Berlin, Alexanderplatz. Einst das lärmende Herz der deutschen Reichshauptstadt, später die Vorzeigeplaza des ersten Arbeiter- und Bauernstaates auf deutschem Boden und heute die größte nichtangefangene Baustelle des wiedervereinigten Regierungsberlins. Ein Platz mit Geschichte, aber ohne Geschehen. Eine Handvoll Menschen, die sich in seiner zugigen Leere verlaufen.
Doch der Eindruck täuscht, denn das wahre Leben spielt nicht auf dem Alex. Sondern darunter. In jenen grün gefliesten und spärlich beleuchteten Katakomben, die im Minutentakt ungezählte Menschenmassen zwischen dem S-Bahnhof und den U-Bahn-Haltestellen hin- und herpumpen. Ein Stück Stadt, das sich unter der Oberfläche seine eigenen Wege sucht und unerwartete Zusammenhänge schafft.
Vor 1989 verband der lang und elegant geschwungene Bahnsteigraum der heutigen U2 zwei völlig gegensätzliche Orte der realsozialistischen Bedürfniswelt: Ein großes Buchgeschäft im Ostflügel des Behrens-Baus am Südausgang und den Intershop im Hotel International an der nördlichen Platzseite des Alex. Wenn es regnete, konnte man die U- Bahnstation als unterirdische Passage benutzen, um mit dem neuesten systemkritischen Prosawerk unter dem Arm die westliche Konsumwelt bewundern zu gehen, sozusagen einmal durch die Mauer.

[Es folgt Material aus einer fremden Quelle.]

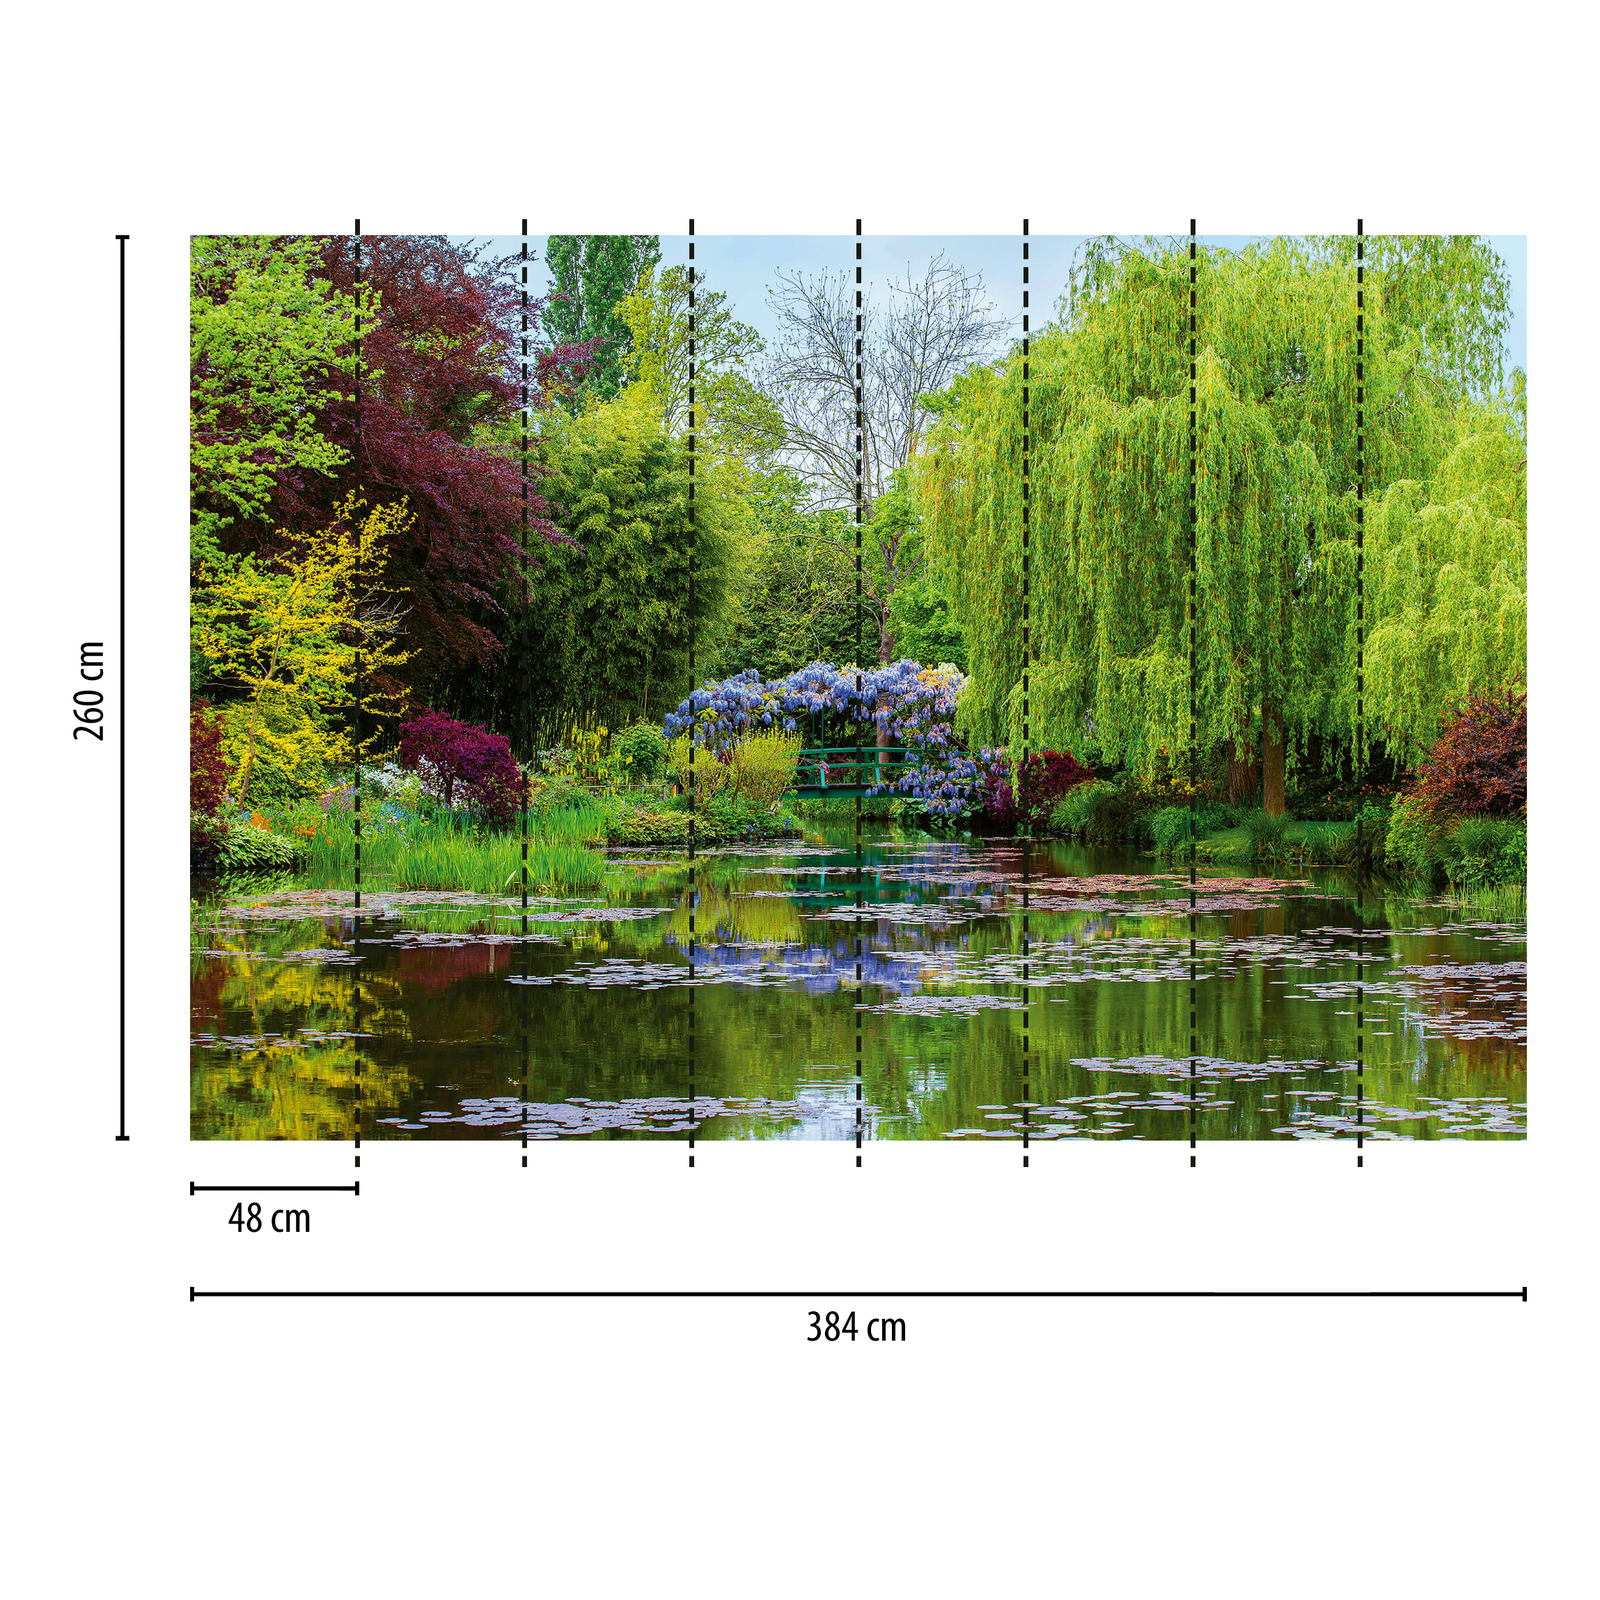             Fototapete Natur Garten mit See – Grün, Rot, Blau

Seit 1958 war diese U-Bahn-Station am Alexanderplatz der "Kunst-Bahnhof". Im Rahmen der Initiative "Kunst statt Werbung" konnten Renata Stih und Frieder Schnock 1998 nun das ortsbezogene Kunstprojekt "einladung" präsentieren.
Aber dieser Ort ist kein Museumsraum, sondern eine U-Bahn-Station. Die Leute kommen nicht hierher, um ästhetische Weihen zu empfangen. Sie wollen im Grunde überhaupt nichts bestimmtes hier, sondern möchten einfach nur weiter, woanders hin. Dieser Ort ist eine reine Durchgangsstation, ein transitorischer Raum des kurzen Aufschreckens aus der Nachmittagsmüdigkeit und der metropolitanen Zerstreutheit. Als künstlerische Arbeit benutzt die "einladung" deswegen Formen der Publikumsansprache, die in der Werbung üblich sind. Statt den U-Bahnhof mit einem autonomen Kunst-Diskurs zu okkupieren, greift sie seinen Jargon auf und spricht eine Sprache, die man hier auch hören kann.

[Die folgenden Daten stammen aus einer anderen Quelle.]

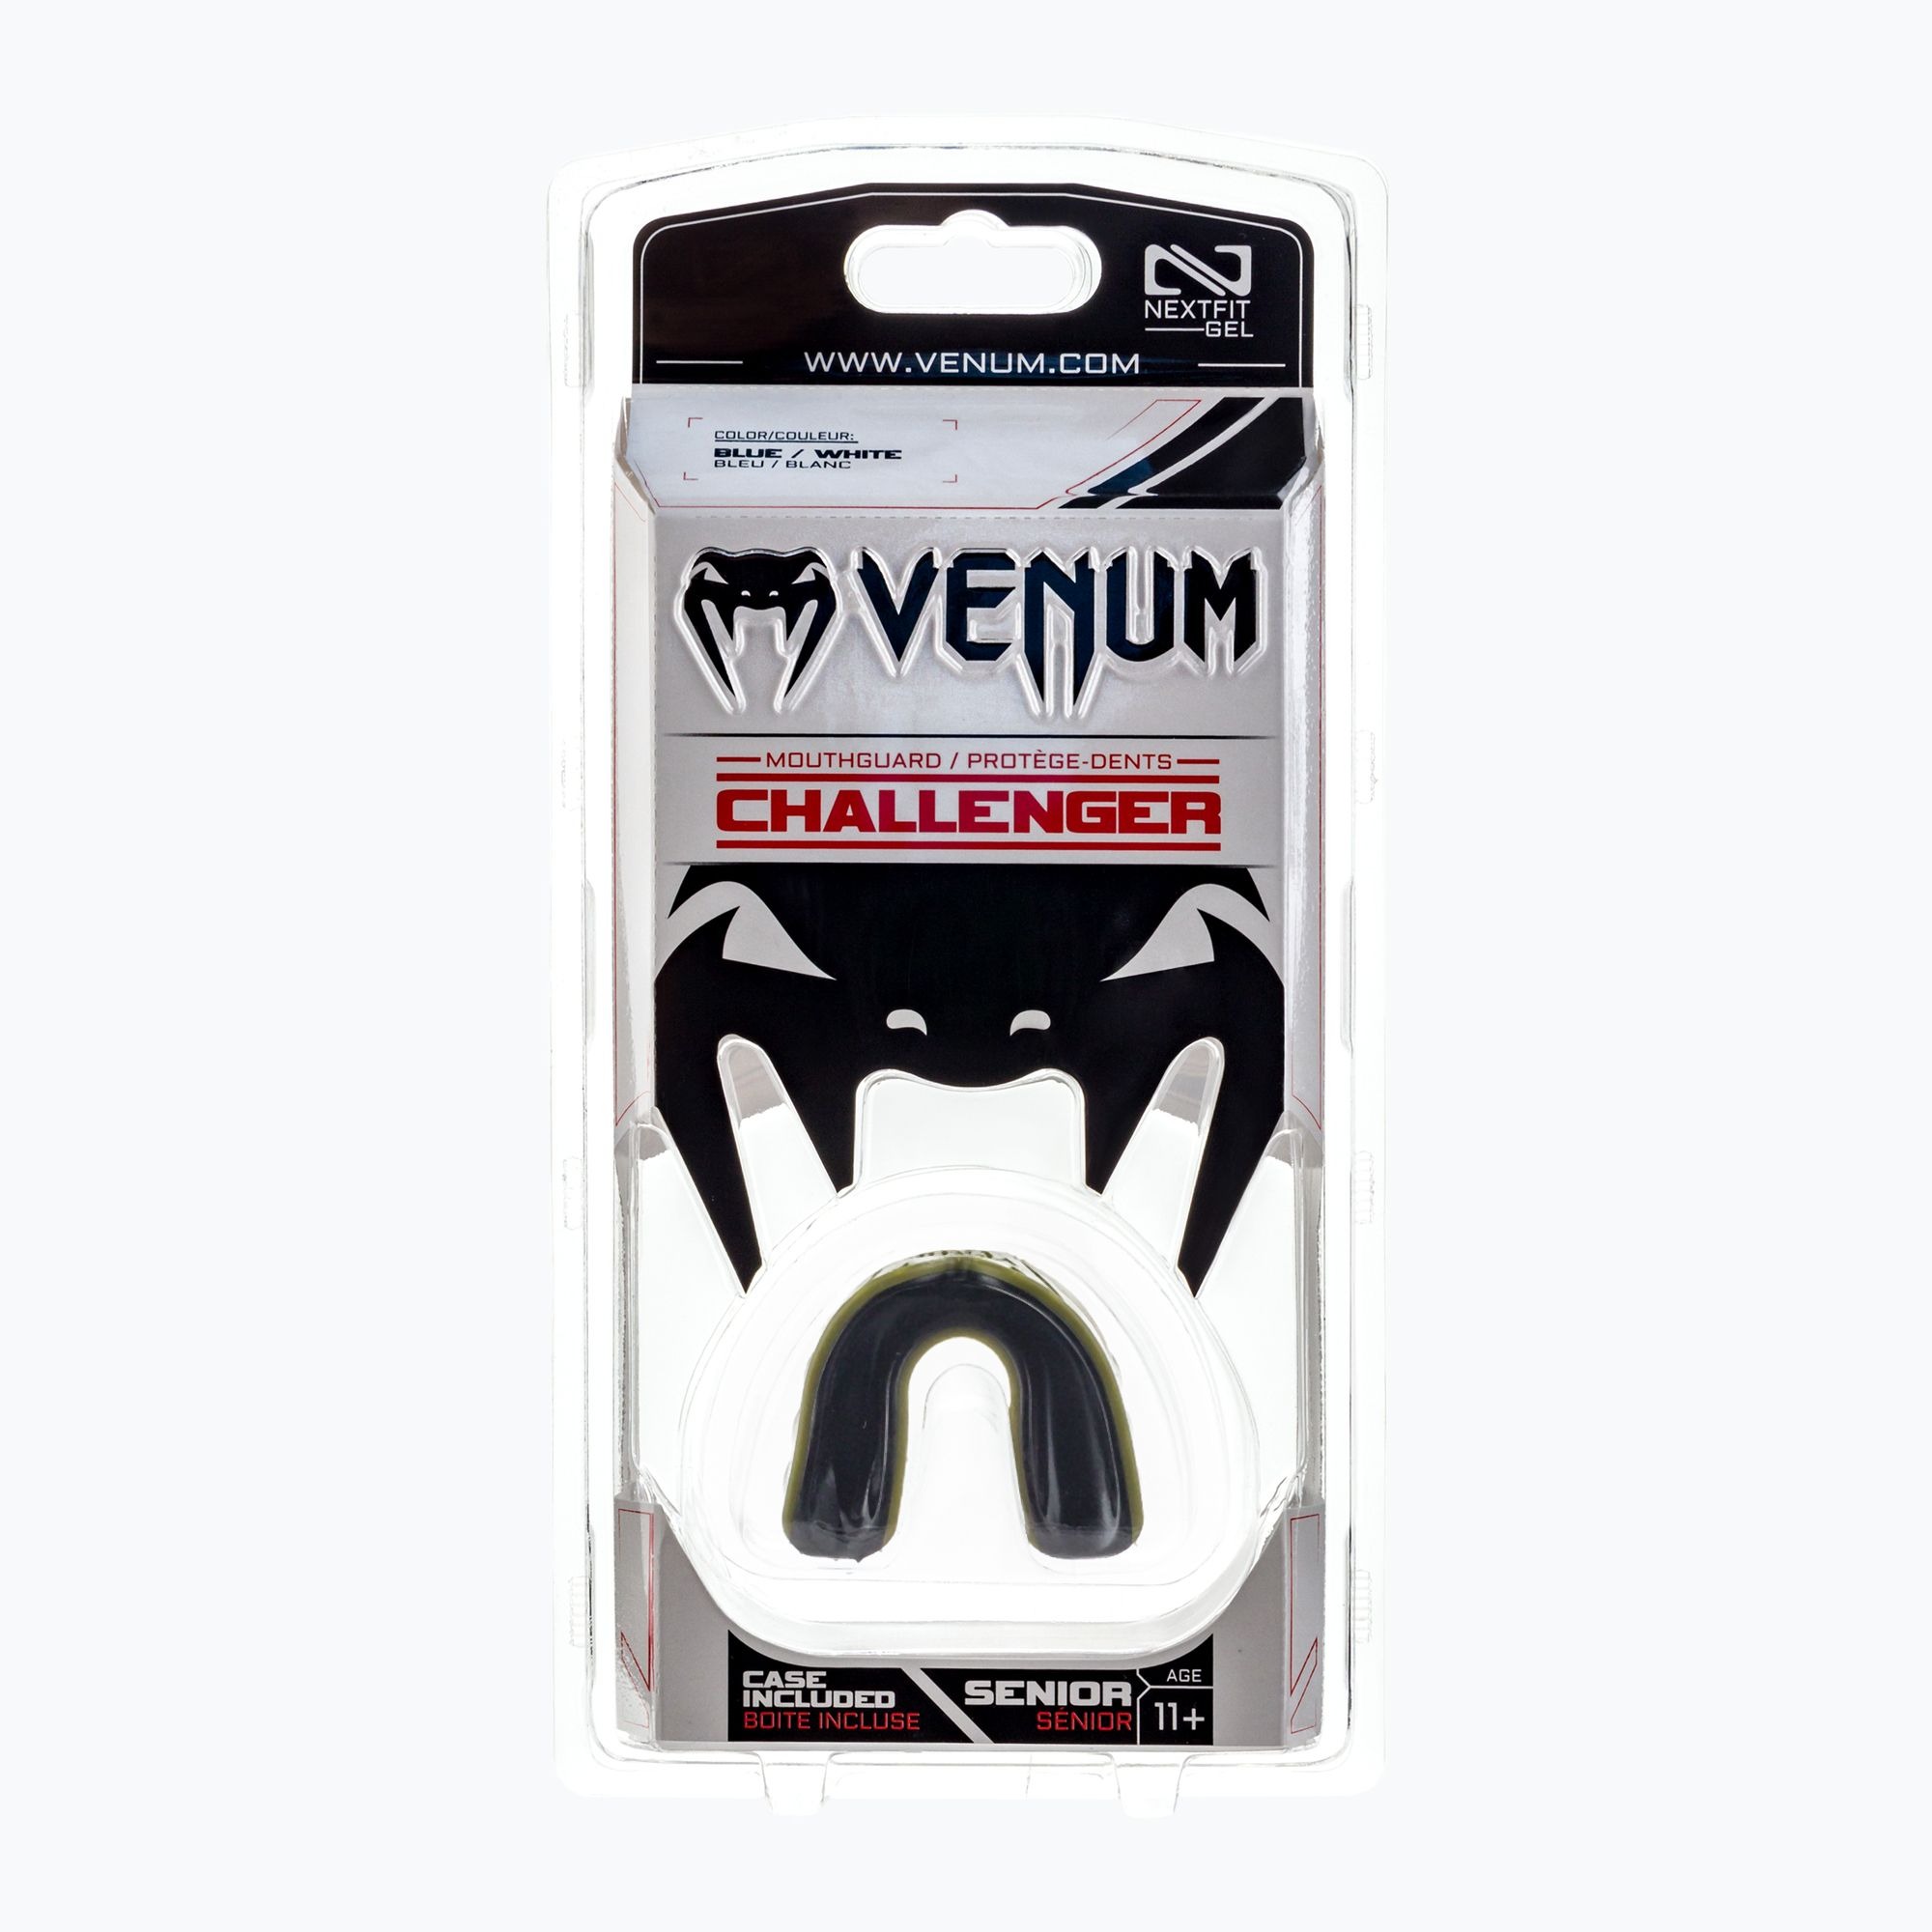  Капа Venum Challenger Mouthguard хаки черная

Genau diesen letzten freien Platz im Augenwinkel, diese Zehntelsekunde noch unbesetzter Aufmerksamkeit des flottierenden Großstadtbewohners besetzt die "einladung". Ihre plakativen Wortfetzen treffen direkt ins Unbewußte, das auf stand-by läuft, "kotzen", "müssen", "haha" - ein instantanes Innehalten, das die Neugier herausfordert, auch das Kleingedruckte wissen zu wollen.

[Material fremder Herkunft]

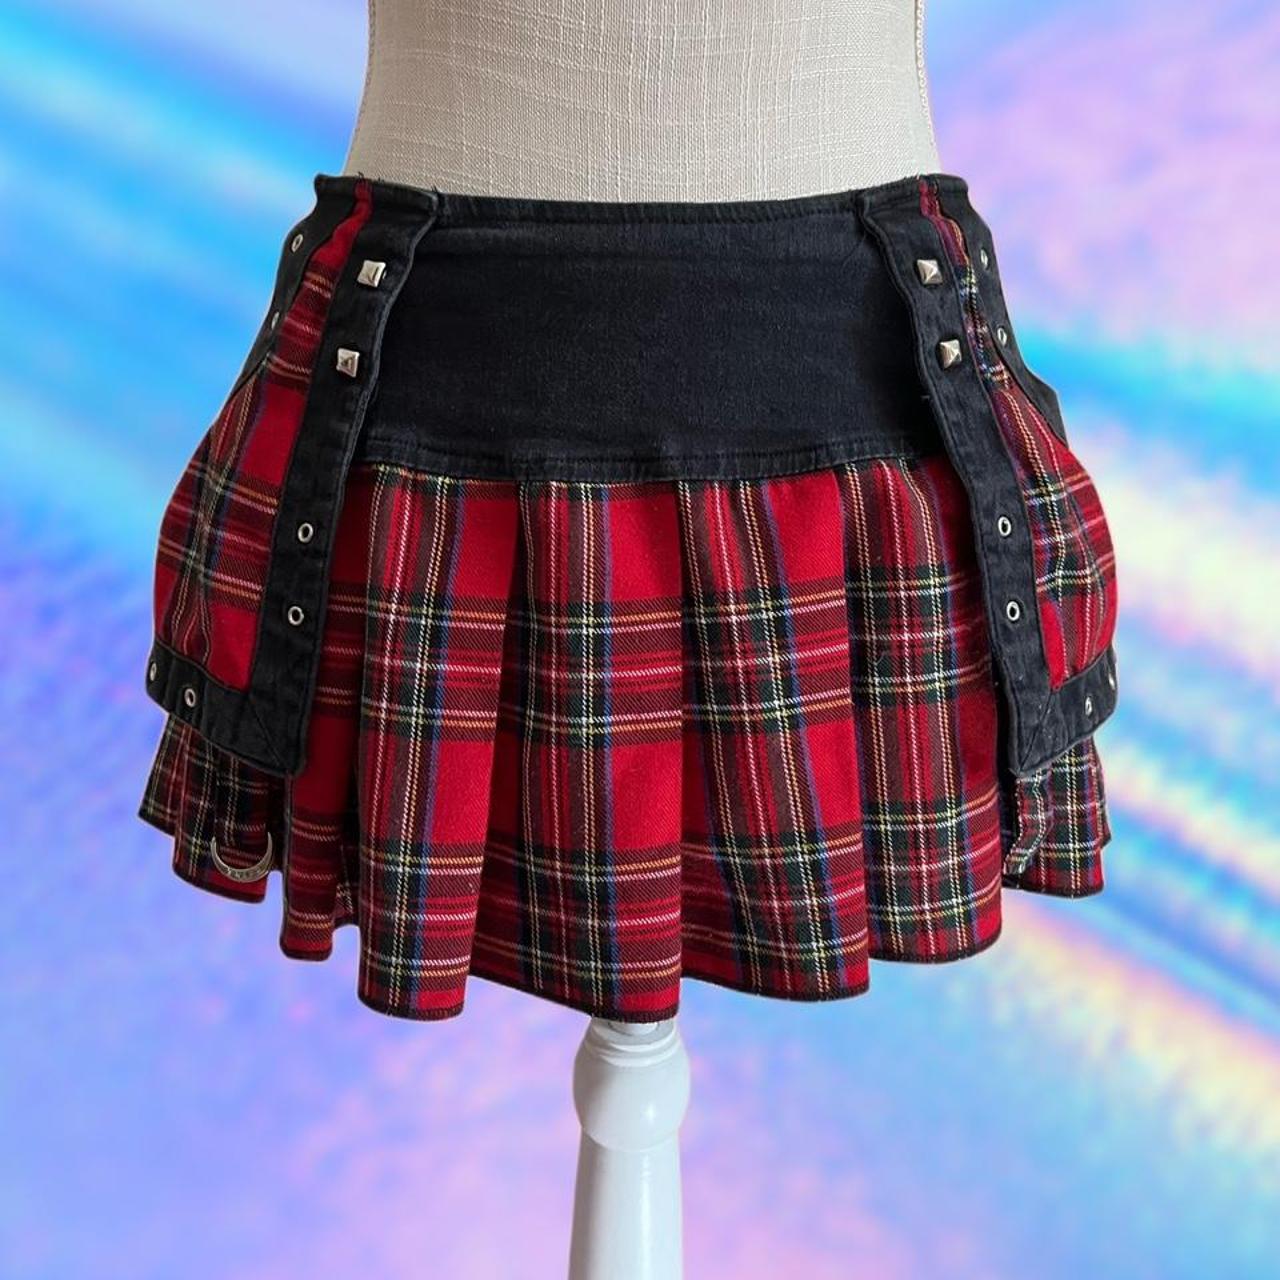 パーティを彩るご馳走や TRIPP 90s nyc skirt mini ミニスカート

Schritt für Schritt, von Tafel zu Tafel dämmert das Verständnis, das es sich hier vorwiegend um eine Präsentation von Berliner Selbsthilfegruppen handelt. Menschen mit Problemen, von denen man zwar weiß, daß es sie gibt, die aber nirgendwo wirklich in Erscheinung treten. Eine schweigende gesellschaftliche Unterschicht, eine Randgruppe im toten Winkel außerhalb der öffentlichen Wahrnehmung. Nun stehen sie im Licht der Großstadt, sichtbar für jeden.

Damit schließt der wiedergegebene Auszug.